Earlier this week I bloggedabout Amgen's negative test results for its anemia drug Aranesp in breast cancer. The studies showed the drug may have caused tumors to grow and death. This morning it almost seems like there's a delayed market reaction.
Although the pressure on the stock could be exacerbated by a company press release issued late yesterday and a price-target cut by Credit Suisse this morning.
Amgen announced--I don't think to anyone's great surprise--that it's talking to the Food and Drug Administration about updating the safety information on the labels of its anemia drugs which are the biotech company's bread and butter. But perhaps more importantly, Amgen says an FDA Advisory Committee on oncology--the same one that took up Genentech's Avastin for breast cancer this week--will meet to address the ongoing safety controversy about the drugs sometime in the first quarter of next year.
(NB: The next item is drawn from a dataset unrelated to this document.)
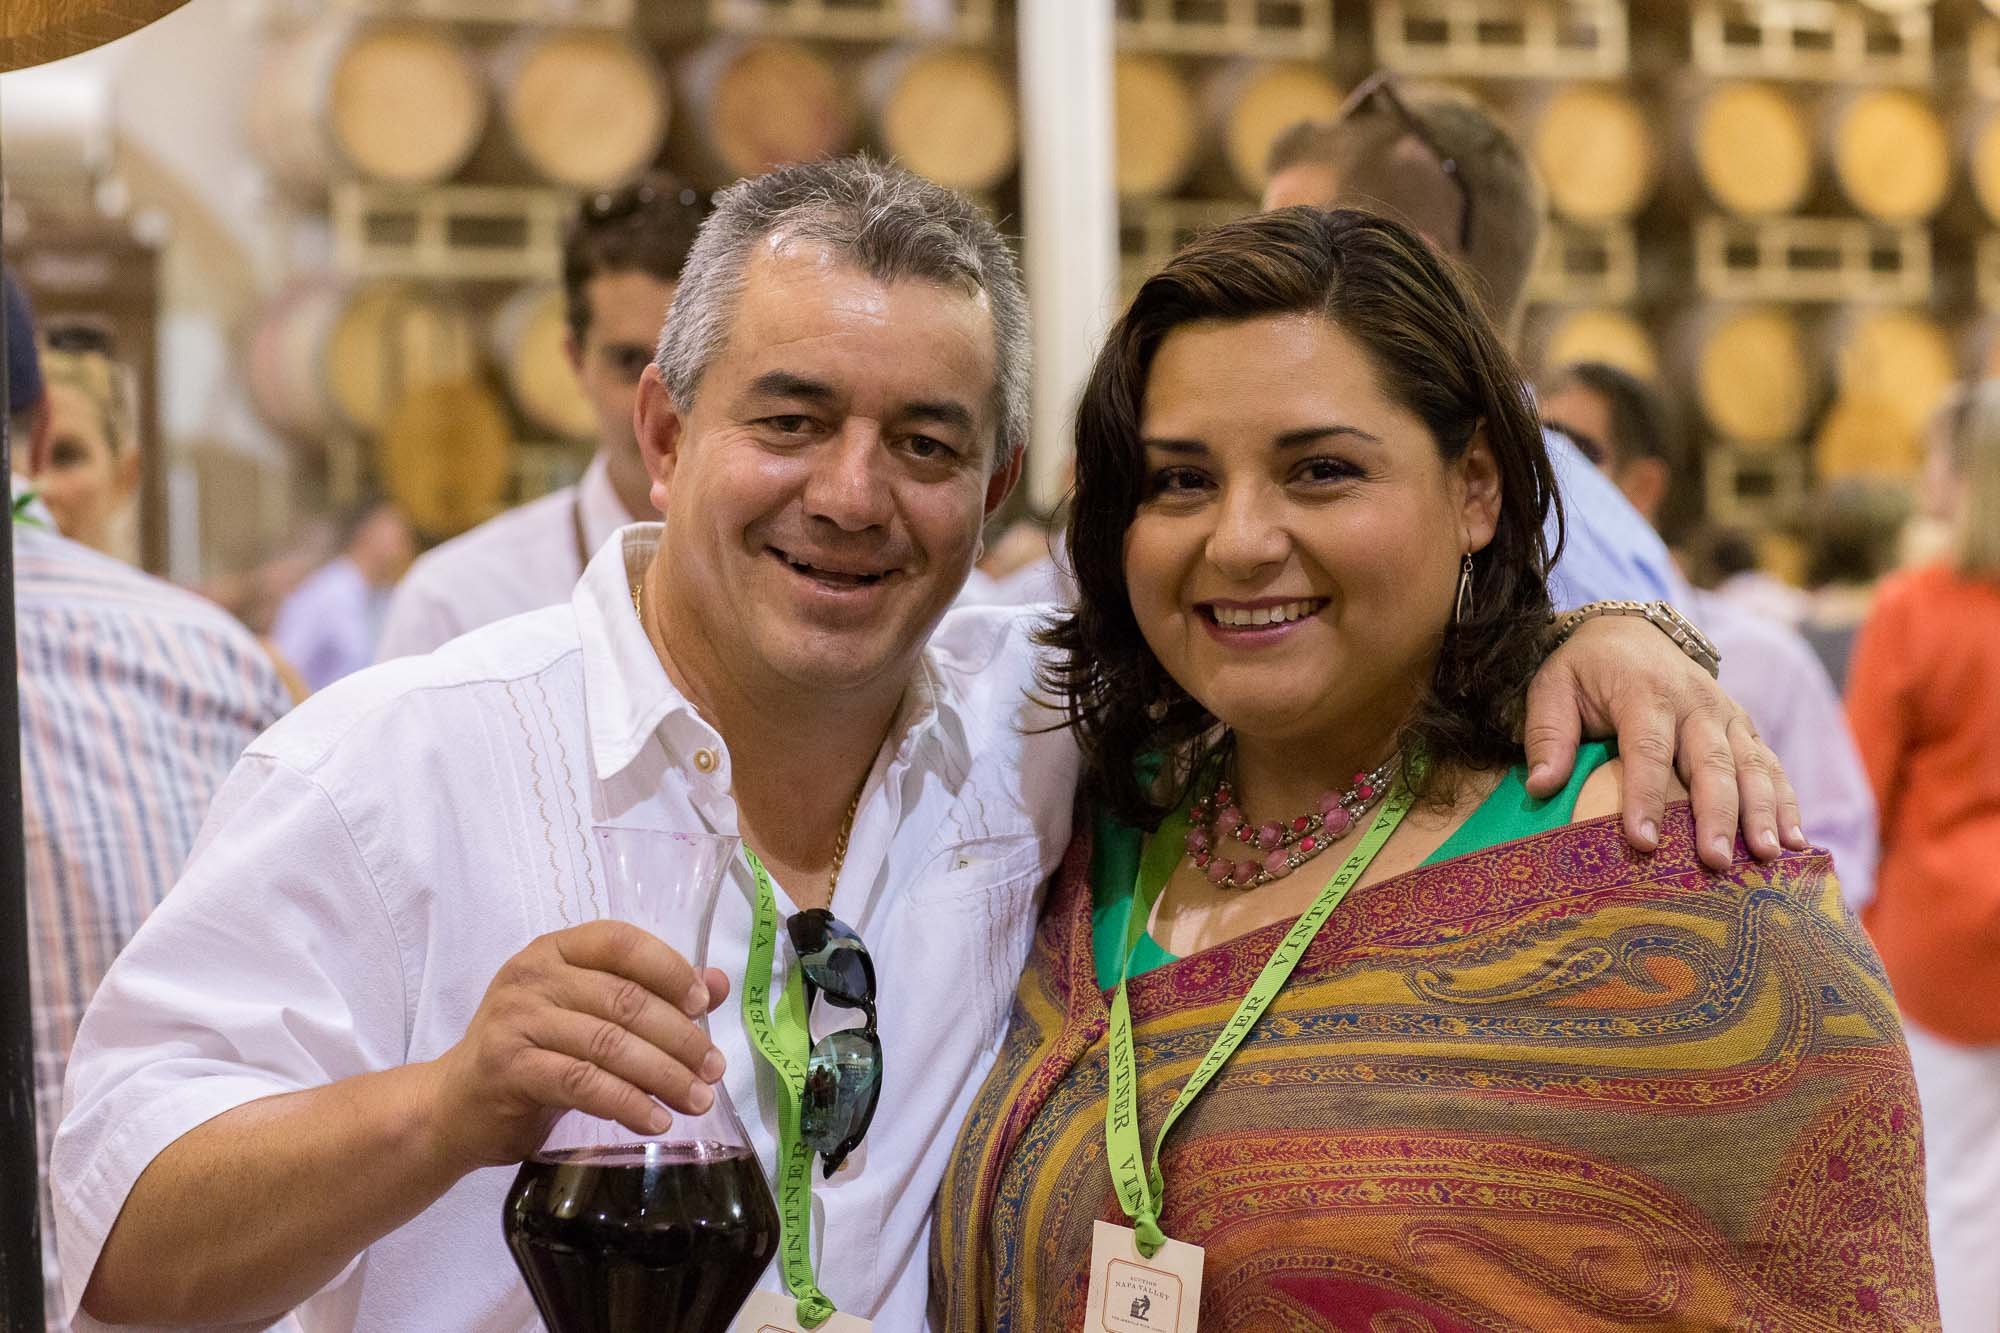 Rolando and Lorena Herrera, vintners at Mi Sueño
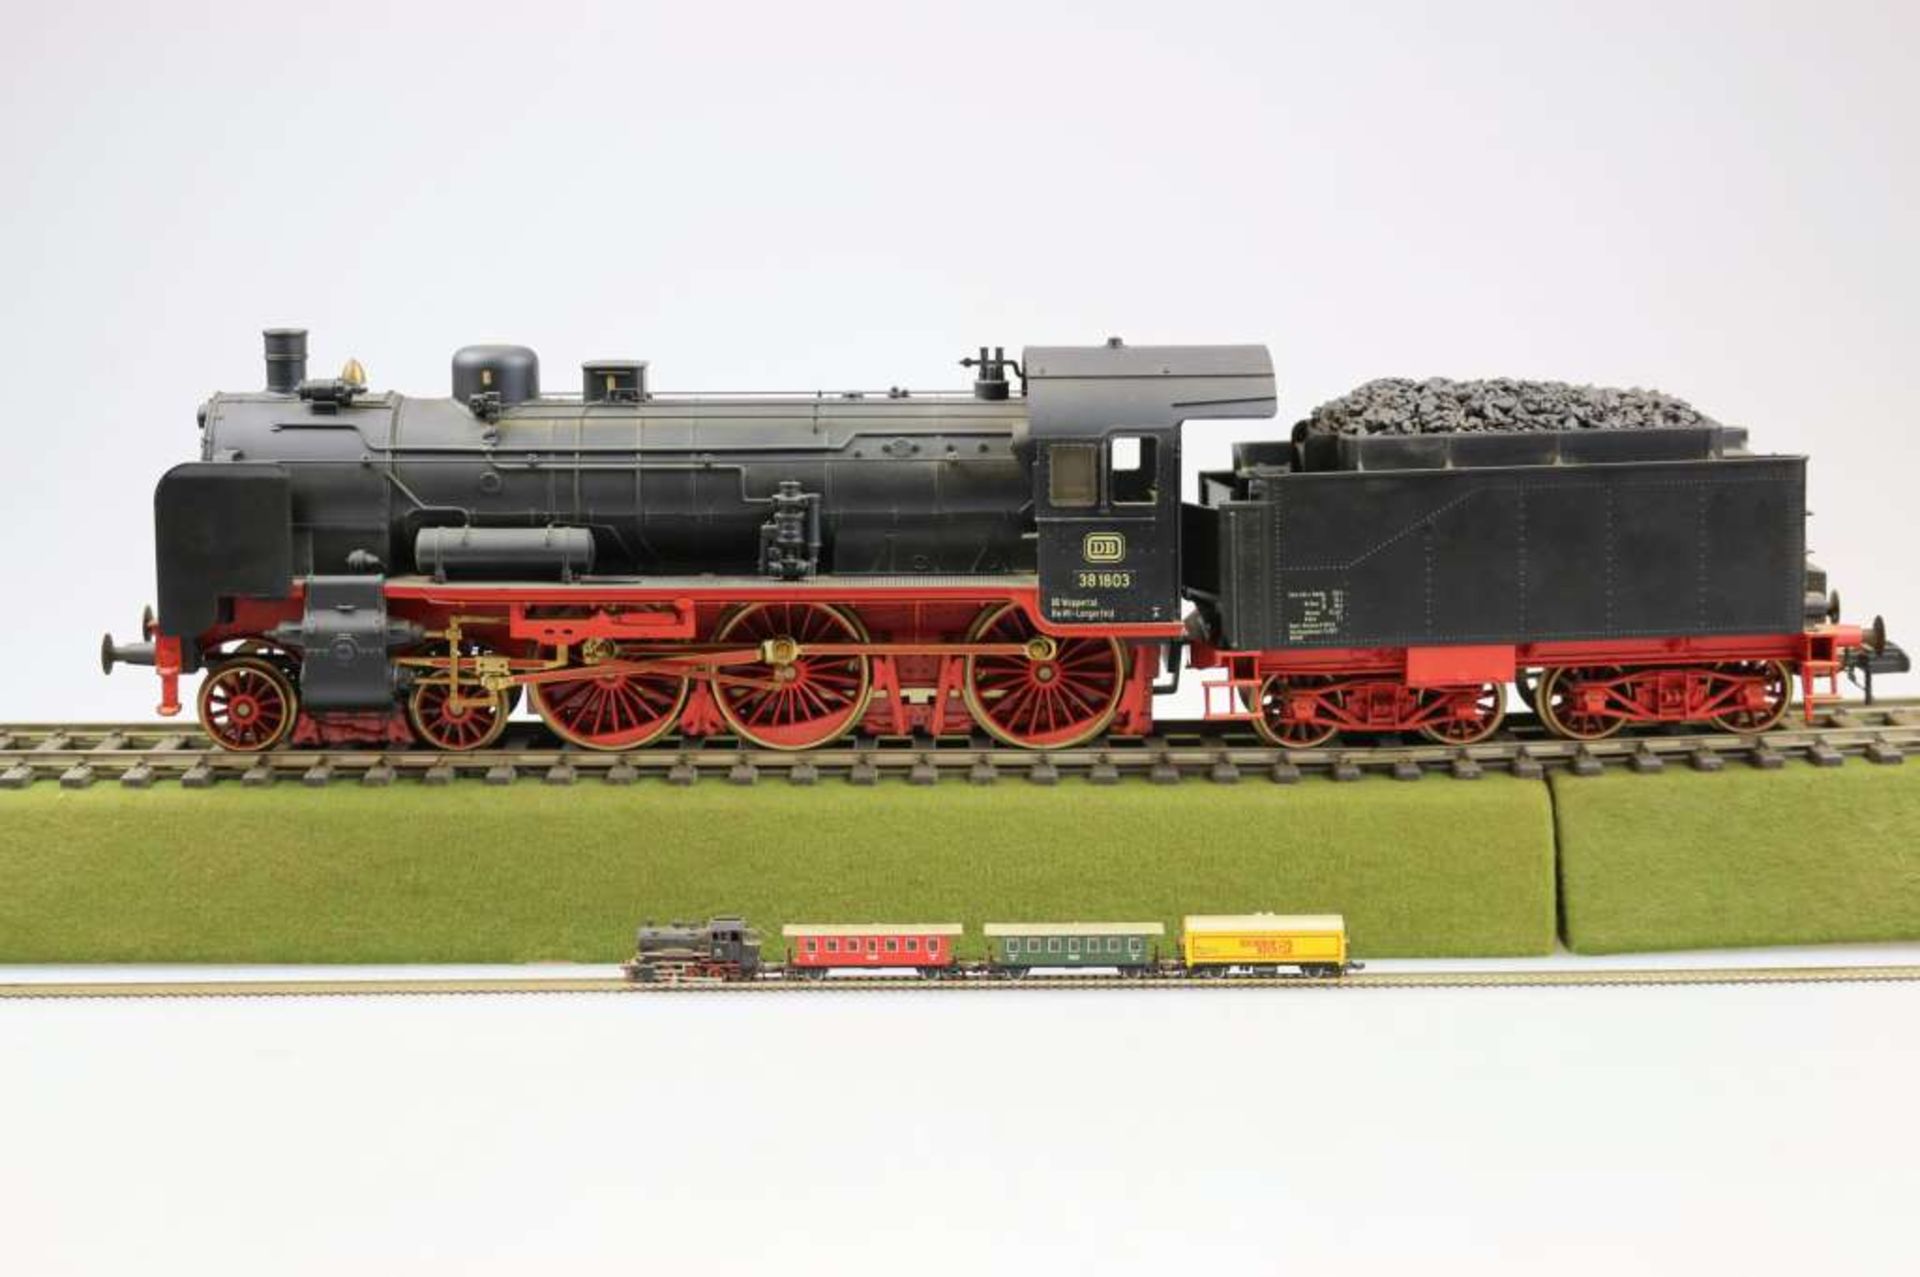 Märklin Spur 1 Nr. 5747, Dampflokomotive BR 38 1803 der DB mit Schlepptender. Sound und

Miller Tabak healthcare analyst Les Funtleyder writes in a research note to clients this morning: "We do not believe they (Amgen) will be successful in improving the increased restrictive label. The company's core franchise continues to decelerate and the nearest potential positive catalyst is next year." I'm assuming he's referring to anticipated late-stage test results on a twice-a-year osteoporosis drug Amgen is developing.
But Credit Suisse analyst Dr. Michael Aberman is even more bearish. He's cutting his worldwide Aranesp sales estimates by more than half-a-billion bucks. And he doesn't think the damage to the franchise will bottom out until the second half of next year. "We are hesitant to defend Amgen ahead of what looks to be another tumultuous period," he writes in a research note to clients this morning. Dr. Aberman thinks the stock could drop into the 40s around the FDA panel meeting.
Nonetheless, he's keeping his Outperform rating on the stock because he thinks it's "eventually" going to rebound. In the meantime, he's cutting his price target from $65 to $63. CS has done and wants to do more banking for AMGN and makes a market in the stock.
I'm off to Houston this weekend to cover Vioxx lawyer Mark Lanier's "ginormous" holiday party--we're talking 8,000 (yes, 8,000!) people on the grounds of his estate. Look for the story to air soon on Tyler Mathisen's
And then next Tuesday I'll be live from Merck HQ in Whitehouse Station, NJ for the company's annual analyst meeting and a live interview with Chairman and CEO Dick Clark--his first chat with us in two years--on "The Call" around 11 a.m. ET. Clark will be taking a victory lap with the stock having doubled on his watch and the recent $5 billion settlement of the Vioxx cases.
Plaintiffs' lawyers like Lanier get about 30 percent of that, so maybe his party will be even bigger and more lavish this year. You can read about it on "The Wall Street Journal Law Blog."
And finally a correction: On air yesterday, I said Eli Lilly's 2008 profit forecast is as much as 29 cents above consensus. I should've said 19 cents.